I reserve the right to change my mind at any time before, during, or after the game in a last ditch attempt to derail Henry's prediction in any way I can.

Reactions: Funny 2


----------



## ripjack13 (Feb 7, 2016)

panthers by 2 td's


----------



## Kevin (Feb 7, 2016)



Reactions: Like 1


----------



## Kevin (Feb 7, 2016)



Reactions: Like 1 | Funny 1


----------



## Kevin (Feb 7, 2016)



Reactions: Like 1 | Way Cool 1


----------



## ripjack13 (Feb 7, 2016)

Puppy bowl....Burl was loving it.


----------



## Kevin (Feb 7, 2016)

Kevin said:


> I reserve the right to change my mind at any time before, during, or after the game...



Panters 24
Broncos 23


----------



## Tony (Feb 7, 2016)

Kevin said:


> Panters



What game are you watching, who are the Panters????


----------



## Schroedc (Feb 7, 2016)

I predict the winner will be whichever team sports the hardest.

Reactions: Funny 1


----------



## Kevin (Feb 7, 2016)

Defense wins superbowls

Broncos 26
Panthers 17

In the interest of not being wishy washy I will self-impose a limit of only 3 more changes to my prediction until the game is over.

Reactions: Funny 4


----------



## Kevin (Feb 7, 2016)

That was stupid play calling.

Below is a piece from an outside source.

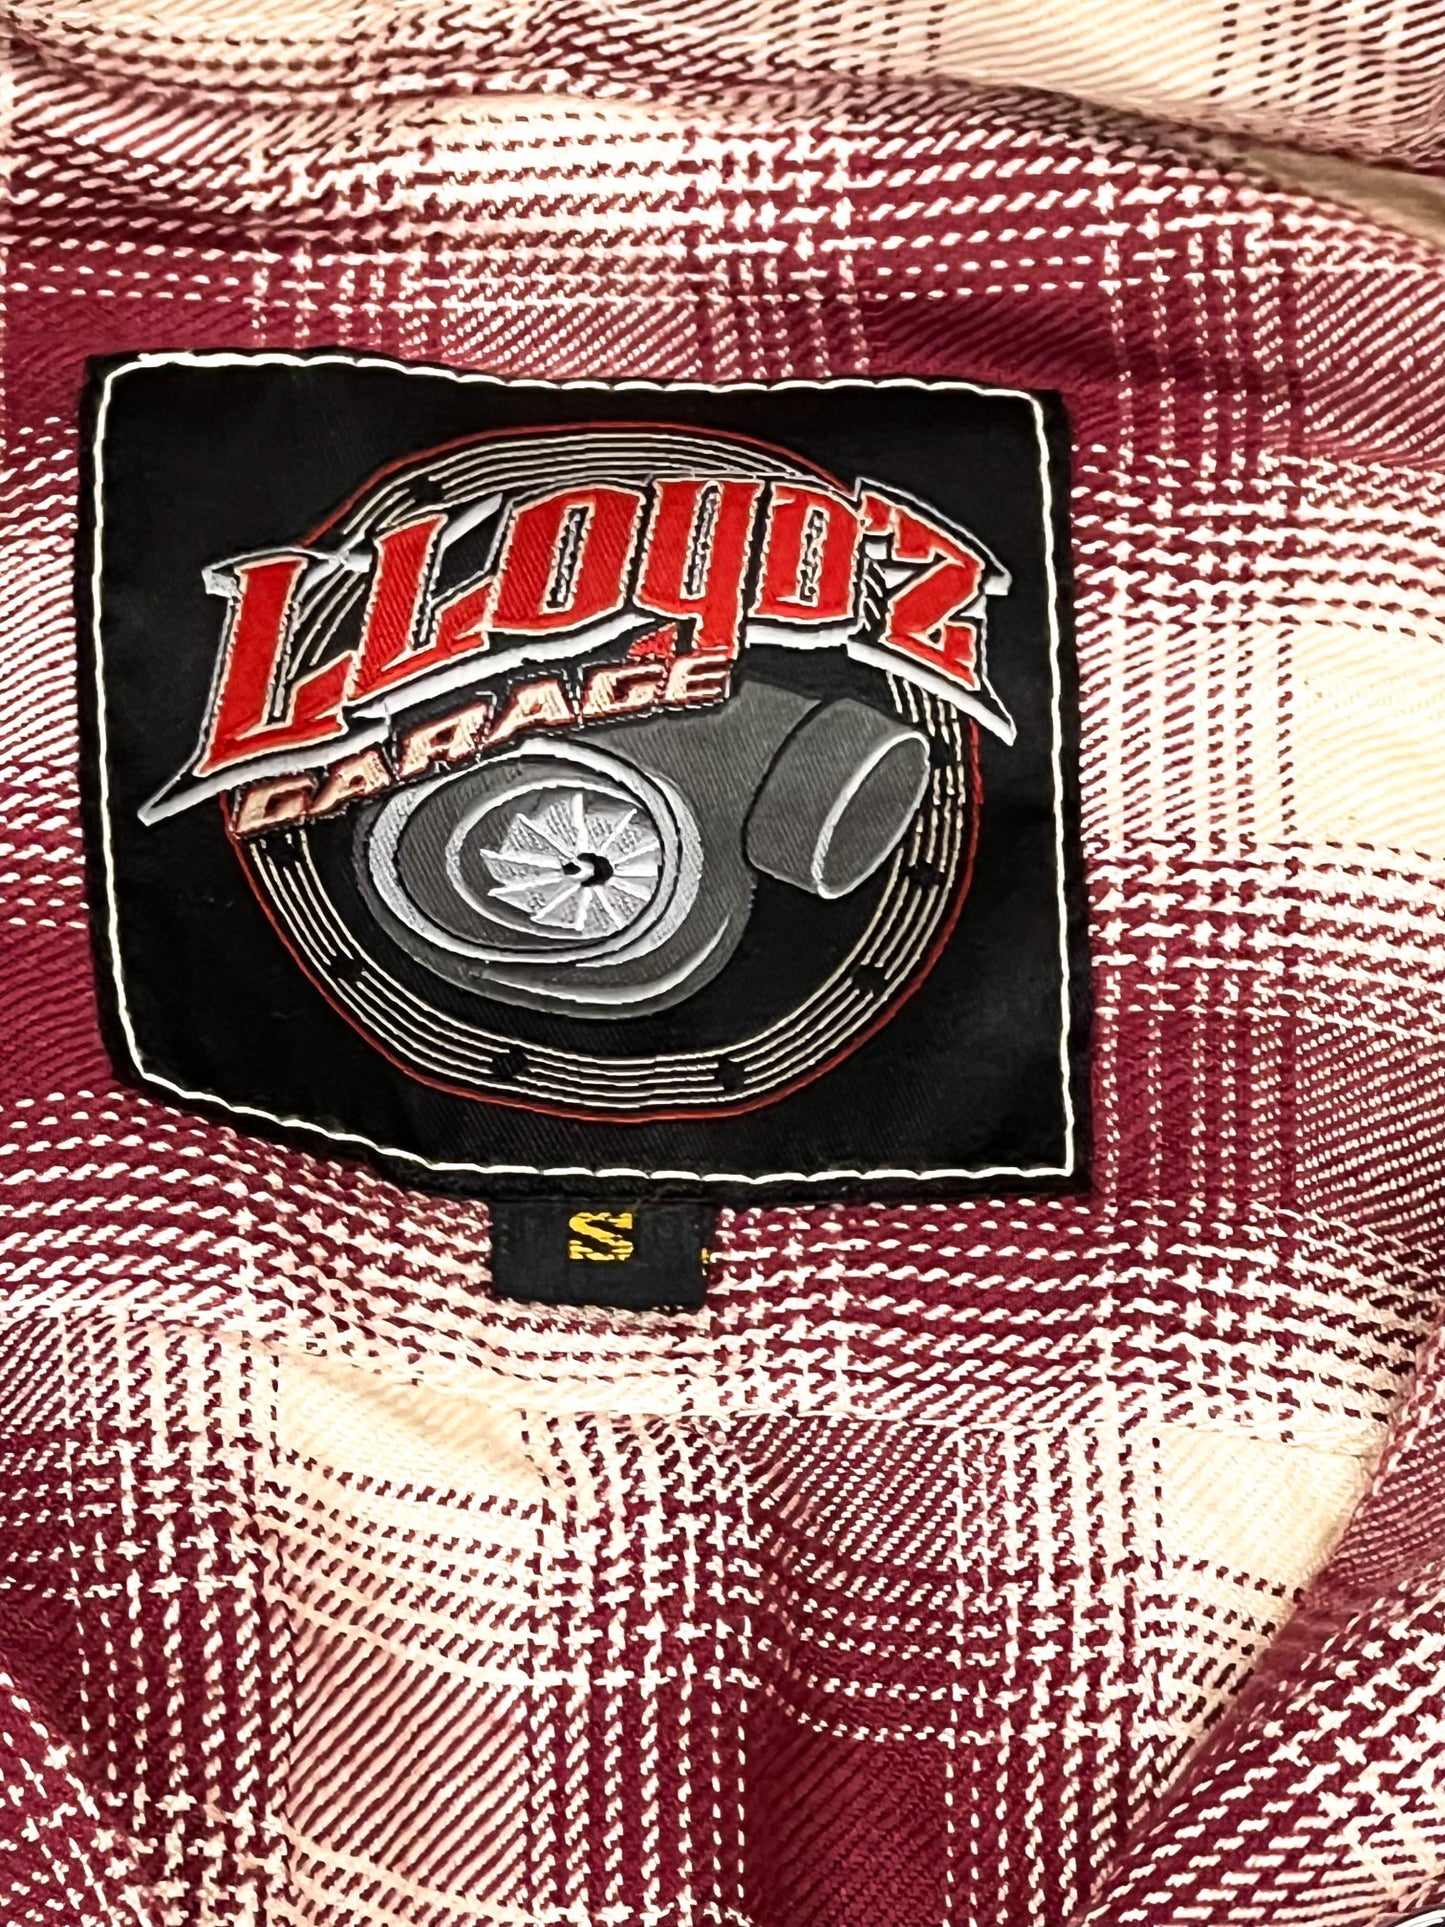 Lloyd'z Garage Flannel, Red/Cream- Mens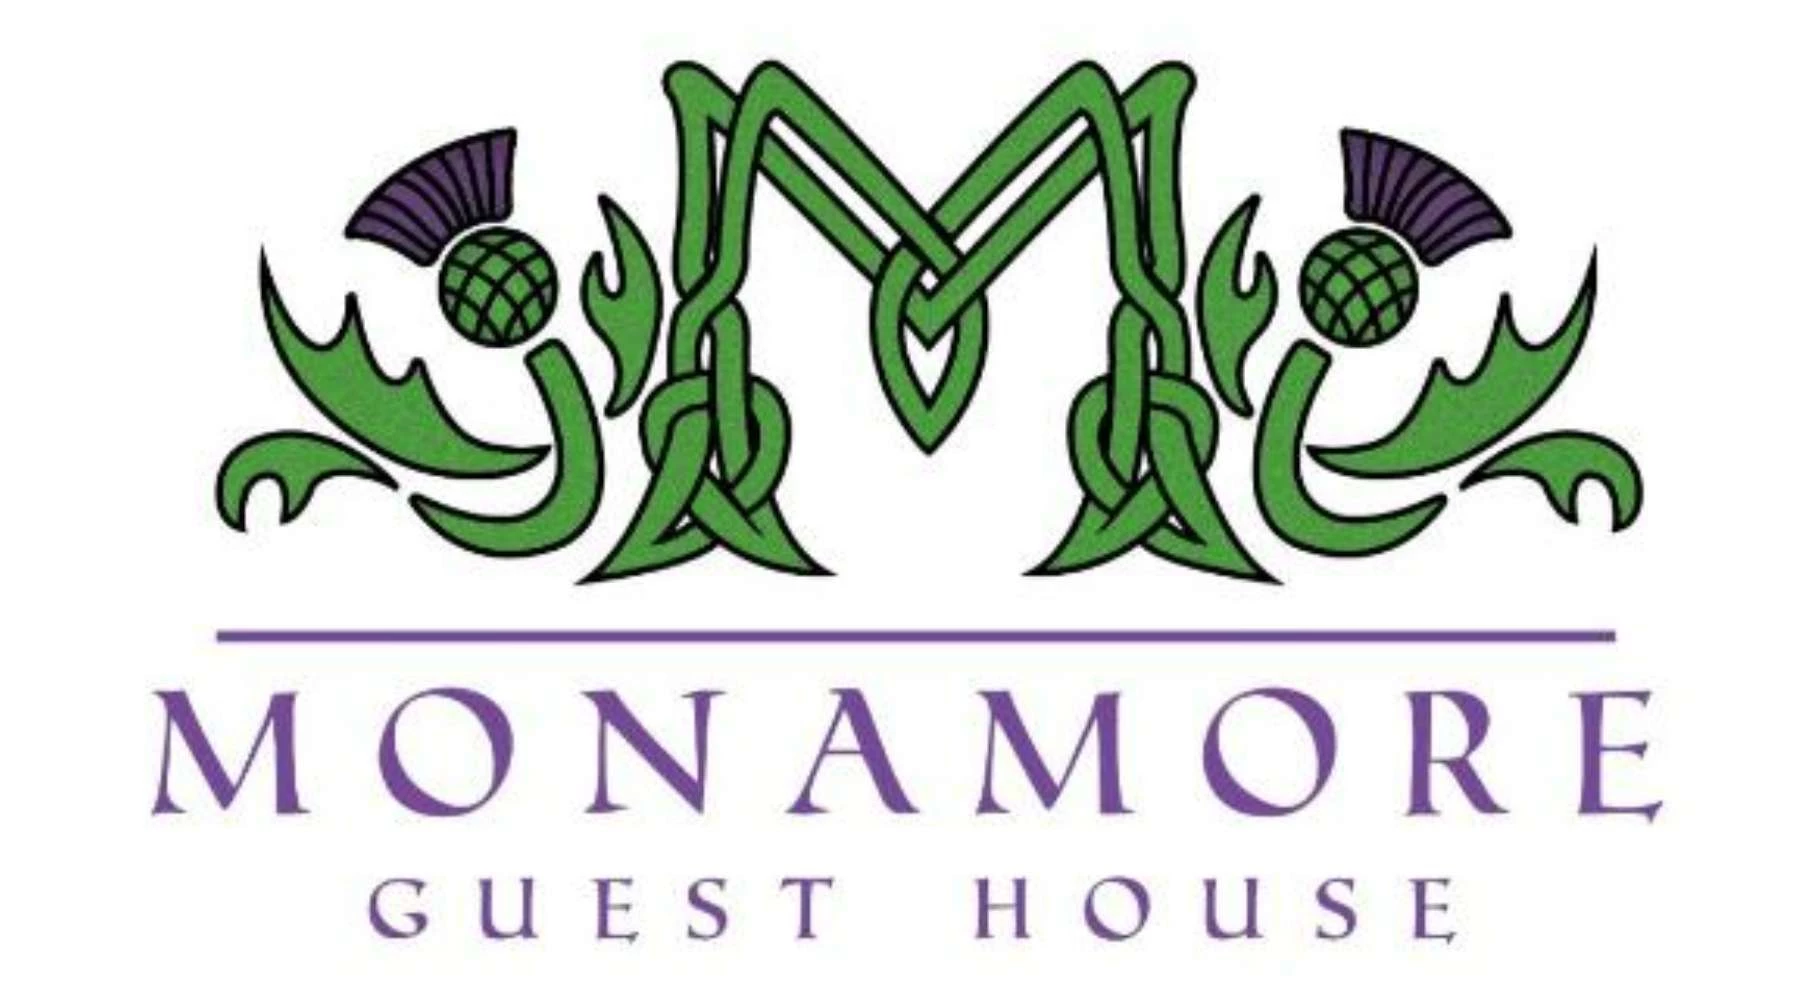 Monamore Guest House, Lamlash (1)

The horses might pay for that.


----------



## Tony (Feb 7, 2016)

I think Phillips has this on the defensive side.


----------



## Tony (Feb 7, 2016)

That could very well be the game!


----------



## Kevin (Feb 7, 2016)

Broncos 19 or 23
Panthers 10 or 13 or 17

Reactions: Funny 1


----------



## Kevin (Feb 7, 2016)

Looks like Ken Weinert is going to get flooded with wood.

Reactions: Like 1


----------



## ripjack13 (Feb 9, 2016)

Man...what a frikkin crybaby Cam Newton is....I feel ashamed for saying they would win...

Reactions: Agree 2


----------



## TimR (Feb 9, 2016)

I'd have to agree Marc. I stopped feeling bad about the loss after seeing the clips of the post game interview with Cam. Totally unacceptable for player who has been the face of the Panthers. Chalk it up to lacking the maturity in accepting you can't always win, and that you should just talk about the fact that the team needs to improve specific areas. Not "...they were just better than us..." kind of talk and then walking away because it hurts to lose.

Reactions: Agree 2


----------